The Gemini Action is an automation node that lets you use Google Gemini AI models to process and analyze different types of content. This node can generate text, analyze images, process audio, and analyze video using Gemini’s advanced models.

When to Use This Action

Use this action when you need to: - Analyze images automatically (detect objects, read text, identify scenes) - Generate images from text descriptions - Analyze videos to extract information or detect events - Process text with advanced AI capabilities - Process audio with recognition and analysis - Integrate AI capabilities into your automations

Node Configuration

Node configuration is split into two main sections that you can switch between using the selector at the top:

Section 1: Basic Configuration

Step 1: Configure API Key

  1. In the "API Key" field, enter your Google Gemini API key
  2. This key is required to authenticate with Gemini services
  3. Important: Keep your API key secure and do not share it

How to get an API Key: - Go to Google AI Studio - Sign in with your Google account - Create a new API key - Copy and paste the key into this field

Step 2: Select Resource Type

  1. In the "Resource Type" field, select the type of content you want to process:
  2. Text: For text processing
  3. Image: For image analysis or generation
  4. Audio: For audio processing
  5. Video: For video analysis

Note: The selected resource type determines which operations are available and which additional fields appear.

Step 3: Select Model

  1. In the "Model" field, select the Gemini model you want to use:

Available models: - Gemini 2.5 Pro: Most capable model, ideal for complex tasks - Gemini 2.5 Flash: Fast and efficient, ideal for most use cases - Gemini 2.5 Flash Image: Optimized for image processing - Gemini 2.5 Flash Lite: Lighter, faster, and more economical - Gemini 2.0 Flash: Previous version of the Flash model - Gemini 2.0 Flash Lite: Previous lightweight version

Recommendations: - For image analysis: Use Gemini 2.5 Flash Image or Gemini 2.5 Flash - For image generation: Use Gemini 2.5 Flash - For video analysis: Use Gemini 2.5 Pro or Gemini 2.5 Flash - For text processing: Use Gemini 2.5 Flash (faster) or Gemini 2.5 Pro (more capable)

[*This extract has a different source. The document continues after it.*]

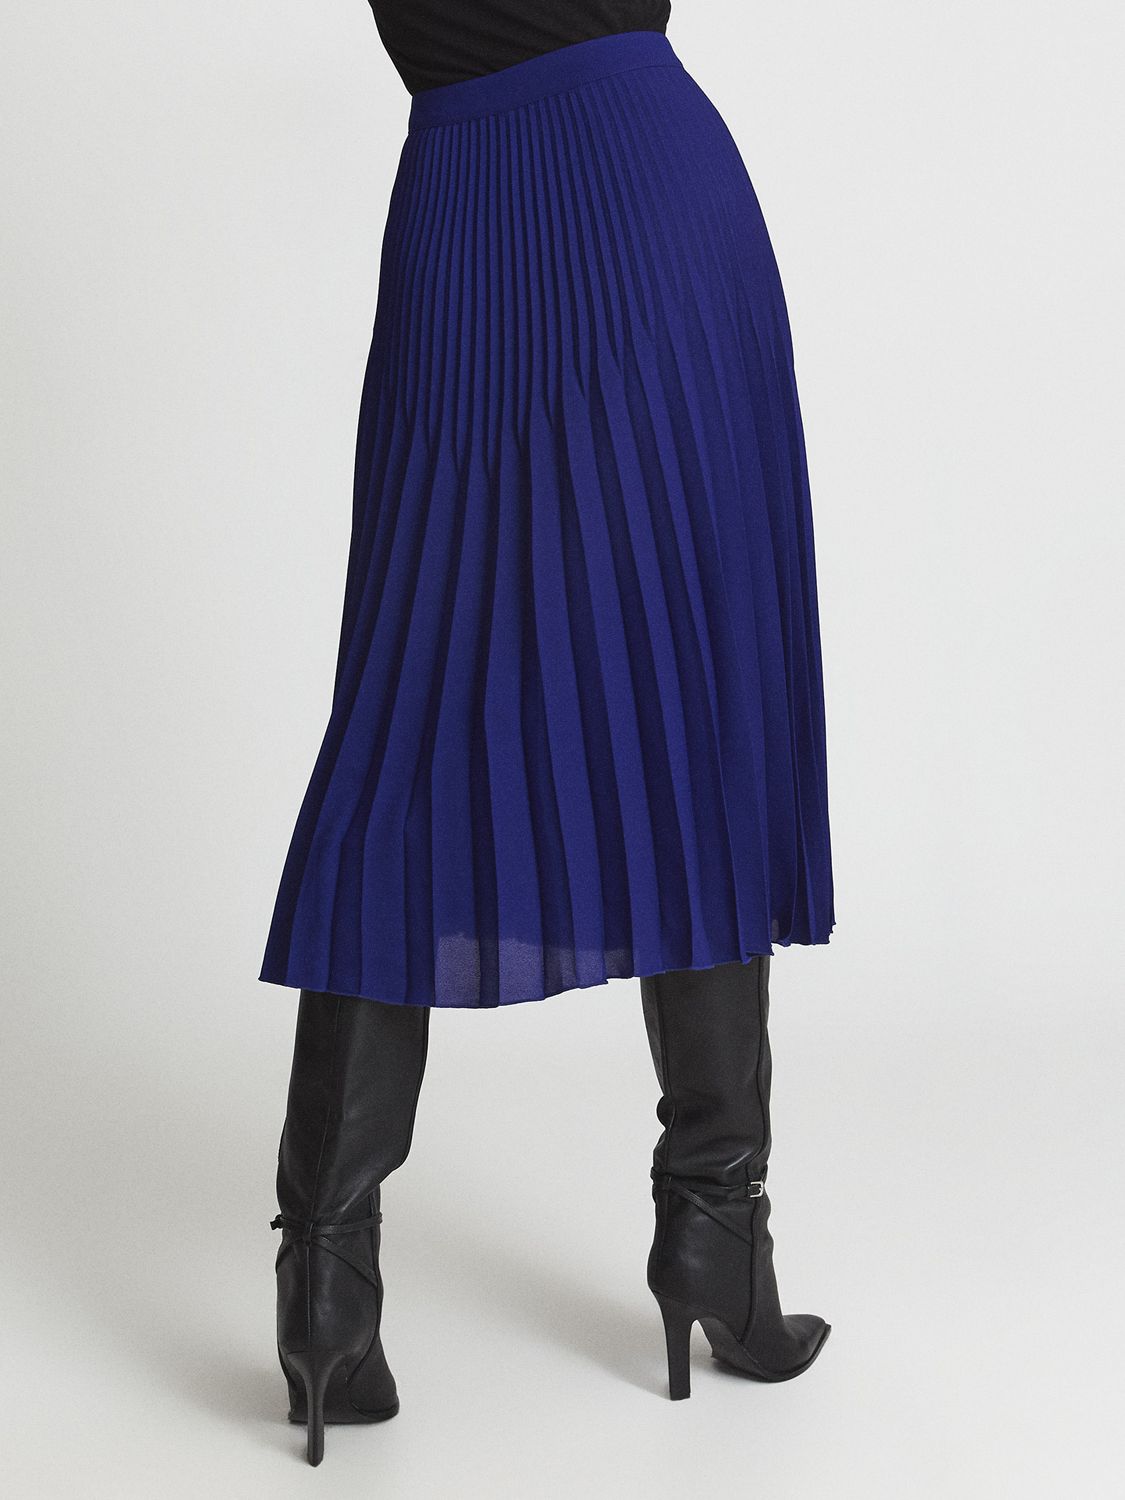 Reiss Isadora Pleated Midi Skirt, Cobalt Blue, 6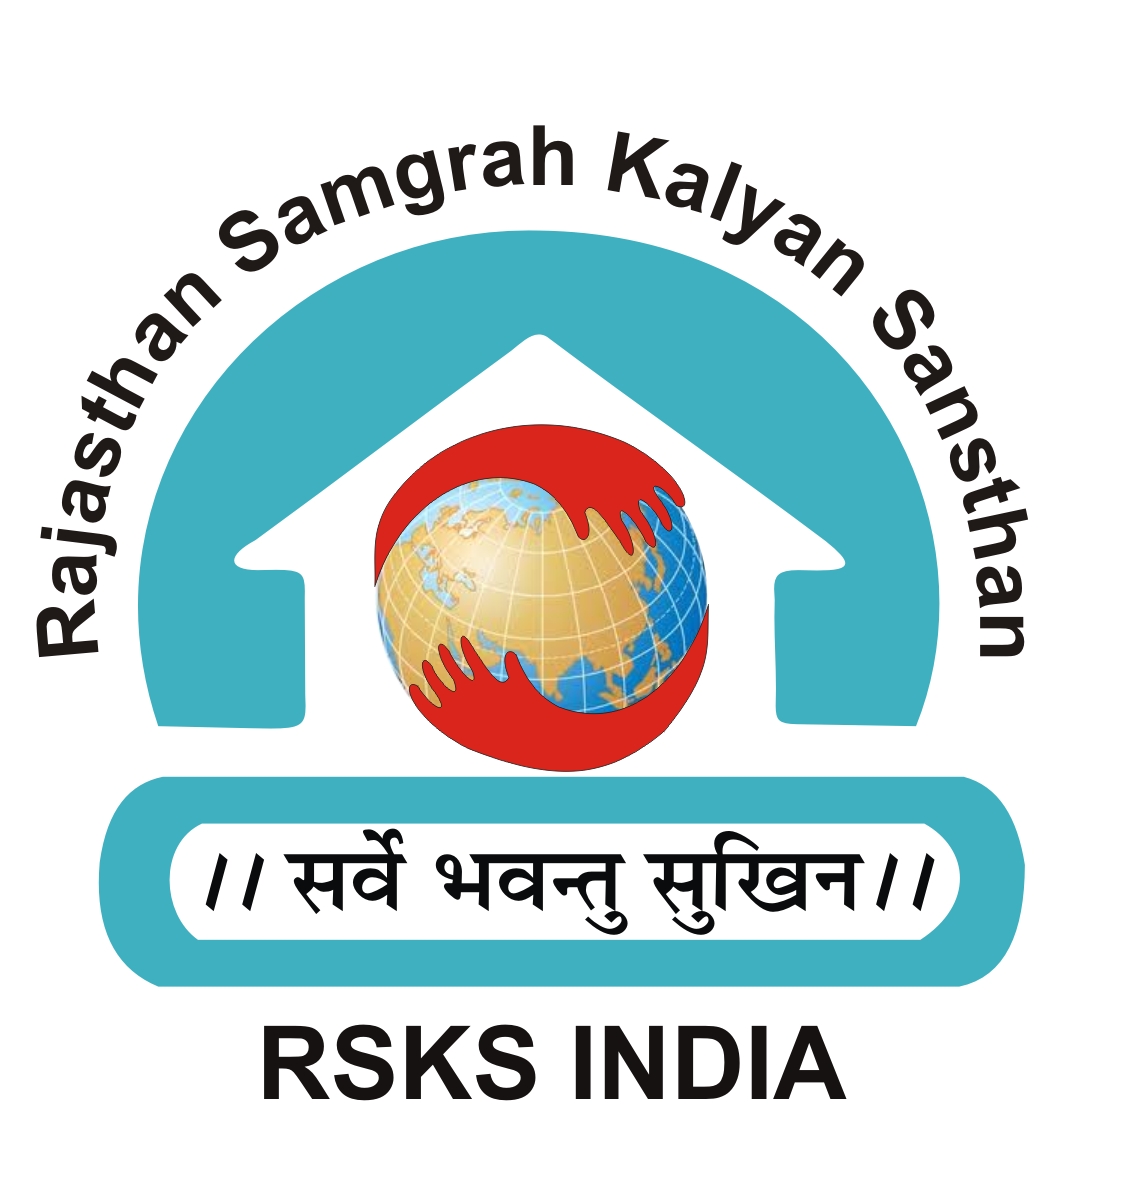 Rajasthan Samgrah Kalyan Sansthan RSKS India

Section 2: Prompt Configuration

Step 4: Select Operation (Image and Video Only)

If you selected Image as the resource type:

  1. In the "Operation" field, select:
  2. Generate Image: To create images from descriptions
  3. Analyze Image: To analyze existing images

If you selected Video as the resource type:

  1. In the "Operation" field, select:
  2. Analyze Video: To analyze videos

Note: For Text and Audio resources, this field does not appear since only one operation is available.

Step 5: Configure Image URLs (Image Analysis Only)

If you selected ImageAnalyze Image:

  1. In the "Image URLs" field, enter the URLs of the images you want to analyze
  2. Enter one URL per line
  3. Example:
    https://example.com/image1.jpg
    https://example.com/image2.png
    https://example.com/image3.jpg
    

Requirements: - URLs must be publicly accessible or reachable from Gemini’s servers - Supported formats: JPG, PNG, GIF, WebP - You can analyze multiple images in a single run

Step 6: Configure Video URLs (Video Analysis Only)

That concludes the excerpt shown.